По широкой мощеной улице отряд проехал в верхнюю часть города и оказался перед воротами цитадели – уменьшенной копией главных городских ворот. Улицы понемногу оживали – видимо, служба закончилась, и люди возвращались по домам. Жители Билибилиса выглядели не в пример лучше своих сельских соотечественников, почти все были хорошо и даже нарядно одеты: мужчины в темных шерстяных одеждах и шапочках пирожком, женщины в длинных ярких платьях. Дружинники Давида переглядывались с улыбками – многие из горожанок были весьма привлекательными. Горожане с любопытством смотрели на чужеземцев, однако, встретившись взглядами с воинами Боркена, тут же опускали глаза. Тем временем ворота цитадели открылись, и всадники въехали внутрь, оказавшись на дворцовой площади, отделенной от самого дворца высокой кованой оградой. Здесь Боркен дал команду спешиться.
– Идите за мной, – обратился он к киевлянам. – Не забудьте проявить почтительность к его высочеству и светлейшему командору.
– Излишнее напоминание, магистр Боркен, – сказал Давид. – Мы не хотим показаться толпой невежд и варваров.
Боркен ничего не сказал, только одобрительно кивнул, и лицо его прояснилось. Он первым прошел в ворота дворца, киевляне – за ним. Воины Боркена остались на площади с лошадьми.

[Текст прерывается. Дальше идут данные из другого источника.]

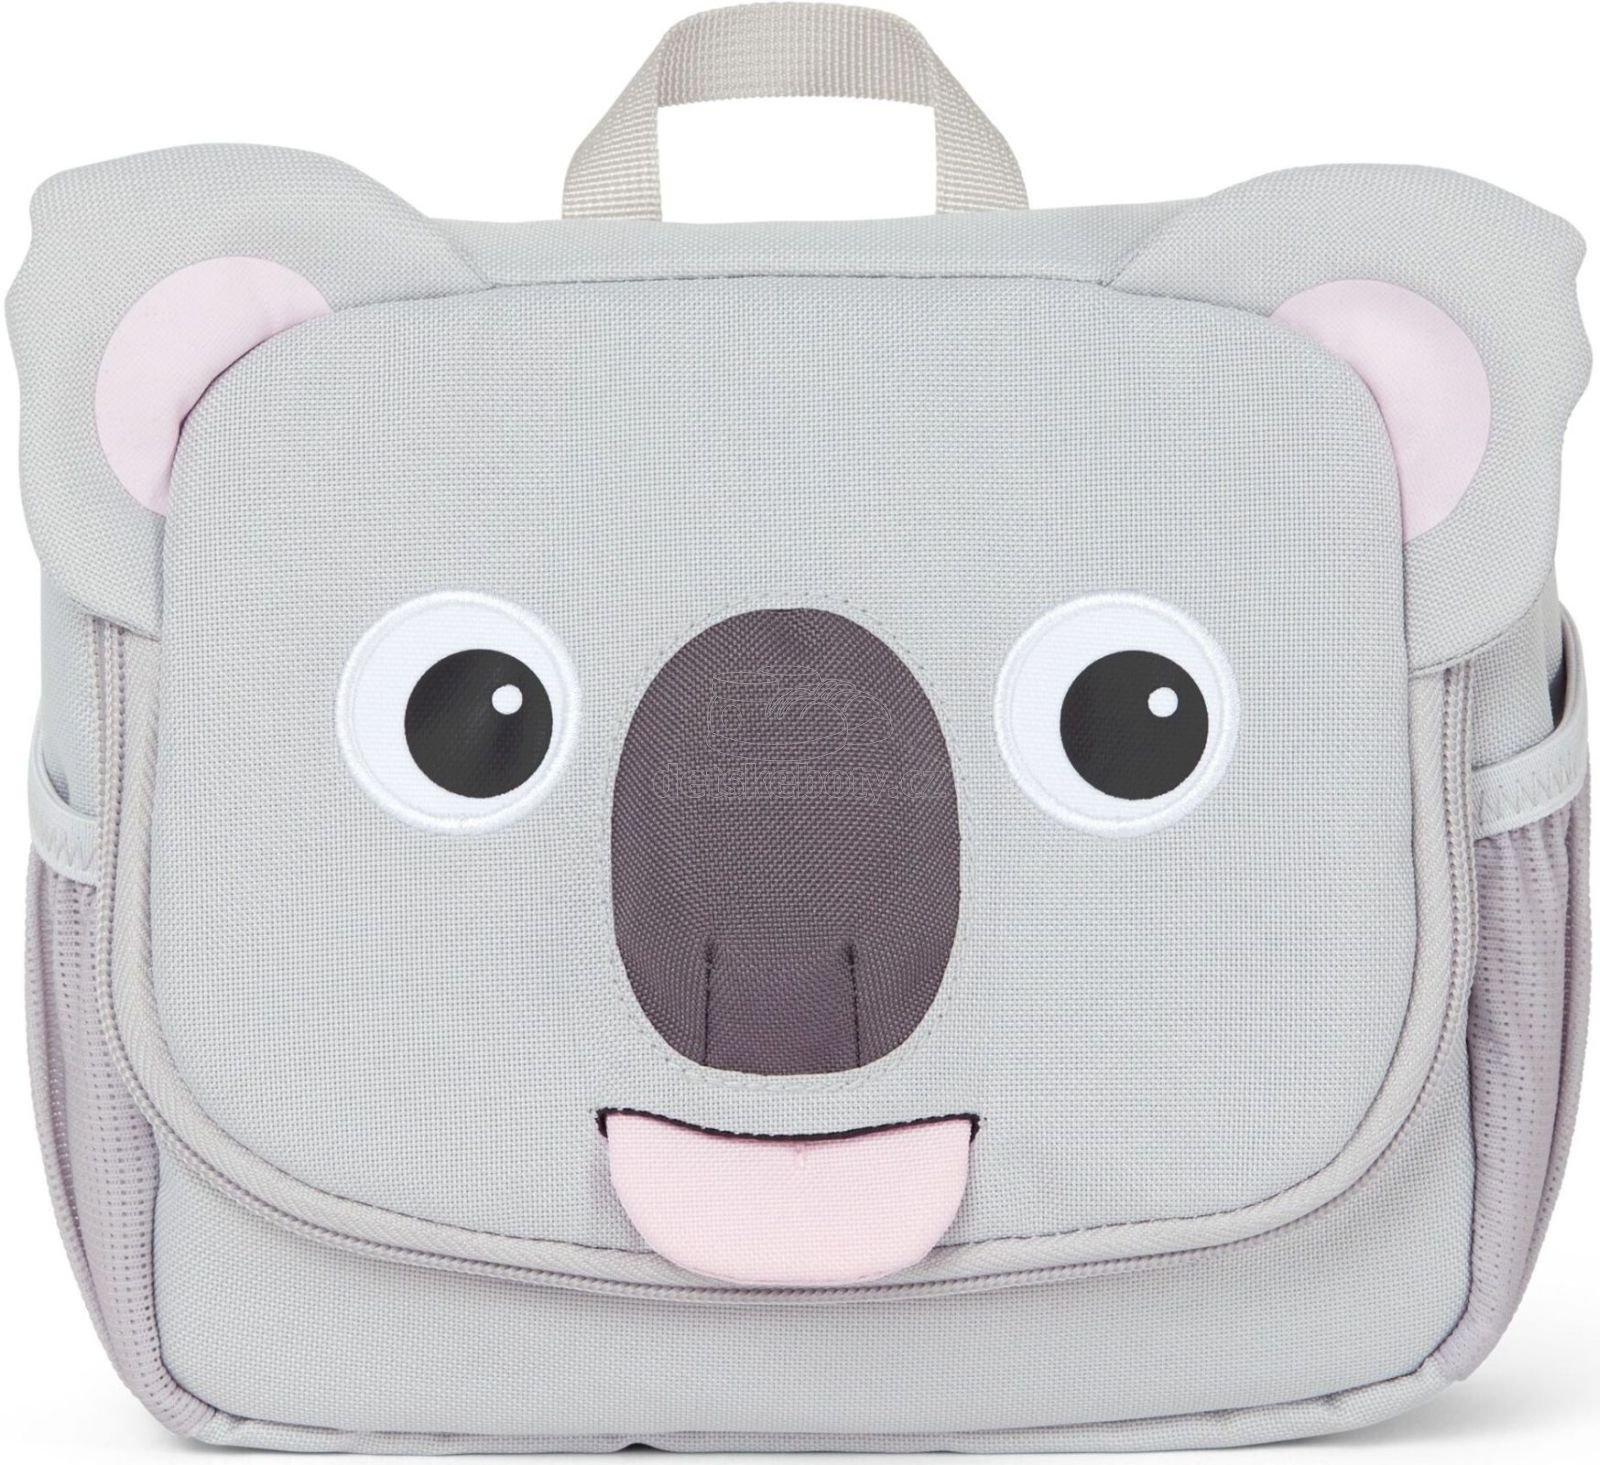 Gyerek kozmetikai táska Affenzahn Washbag - Koala Karla - grey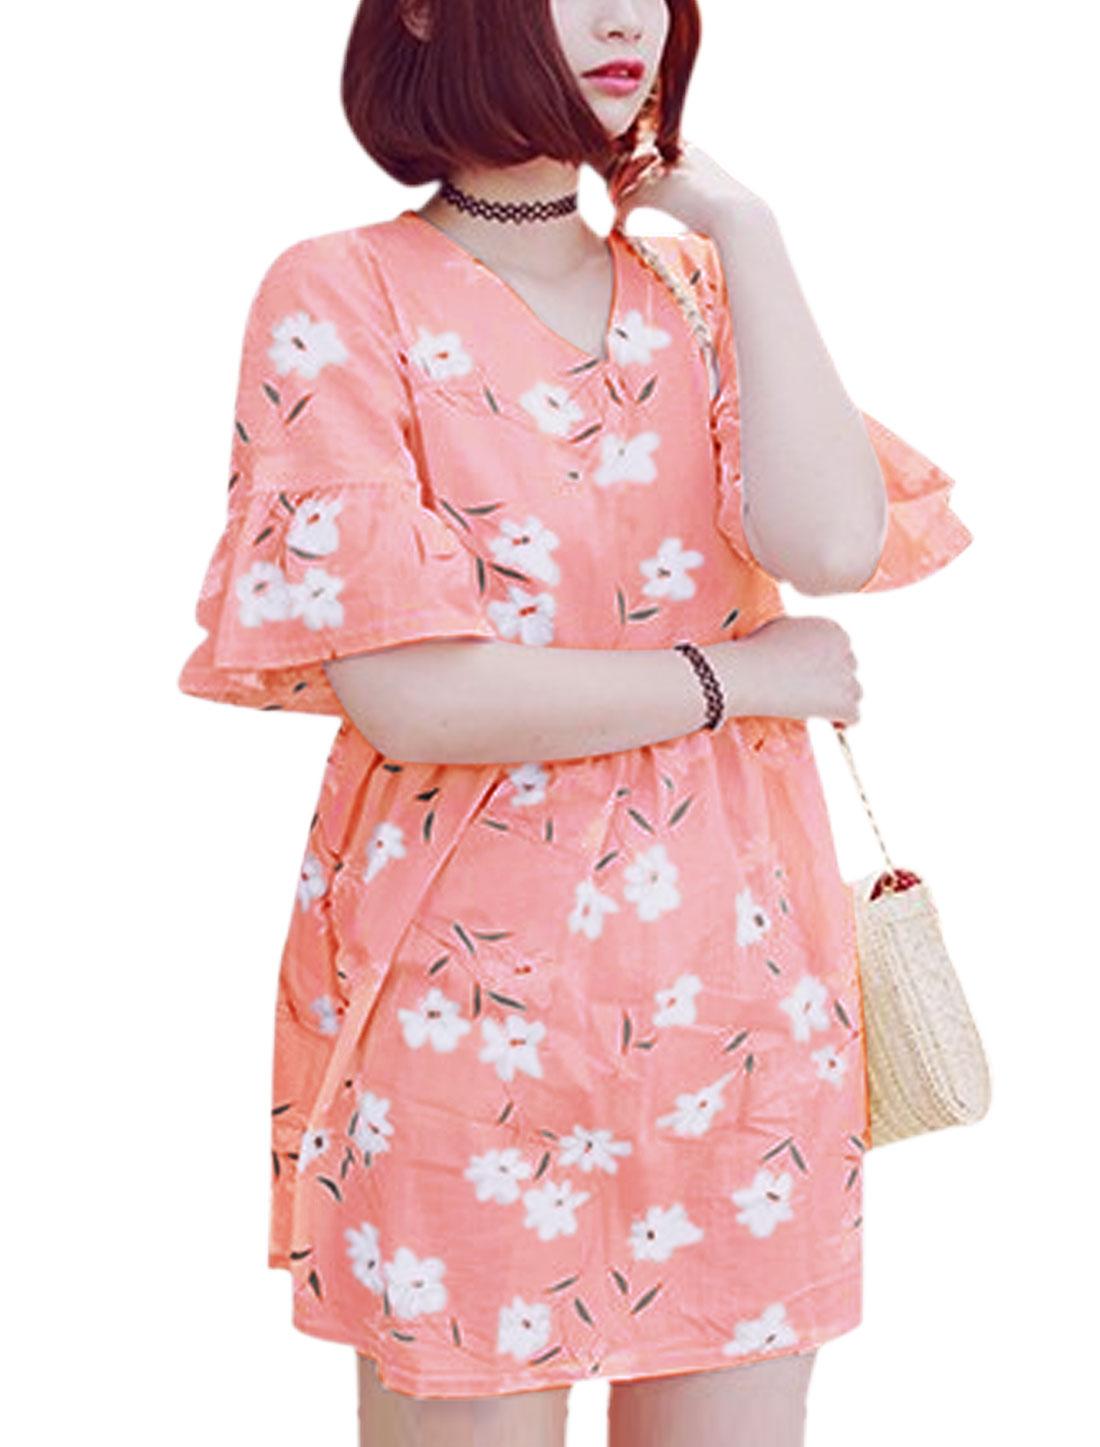 Ladies Bell Sleeves Floral Print V Neckline Babydoll Dress Pink XS

Дворец был великолепен. Даже Давид, немало попутешествовавший по свету, нигде не видел ничего подобного. По роскоши дворец правителей Билибилиса не уступал резиденции багдадских халифов, а по размерам превосходил его. Из огромного сводчатого холла Боркен повел гостей по широкой лестнице наверх, к покоям правителя. Редкие придворные, встреченные по дороге, немедленно замирали в глубоком поклоне, завидев Боркена, – видимо, рыцарь был здесь в большом фаворе.
– Ух, ты! – восторгалась Ивка, зачарованным взглядом разглядывая роскошные интерьеры залов, сменявших друг друга. – Как во сне! В Ирии и то краше быть не может!
– Тихо, девка, – одернул ее Давид. – Не надо так бурно восторгаться. Хозяева решат, что их гости – нищие варвары.
– Да я разве со зла? – Ивка покраснела. – Лепота-то какая! Аж плакать охота!
– Не смотри на позолоту, красавица, смотри в сердце! – игриво и нараспев сказал Давид, а потом вполголоса добавил по-армянски: – Красивое яблоко часто бывает червивым.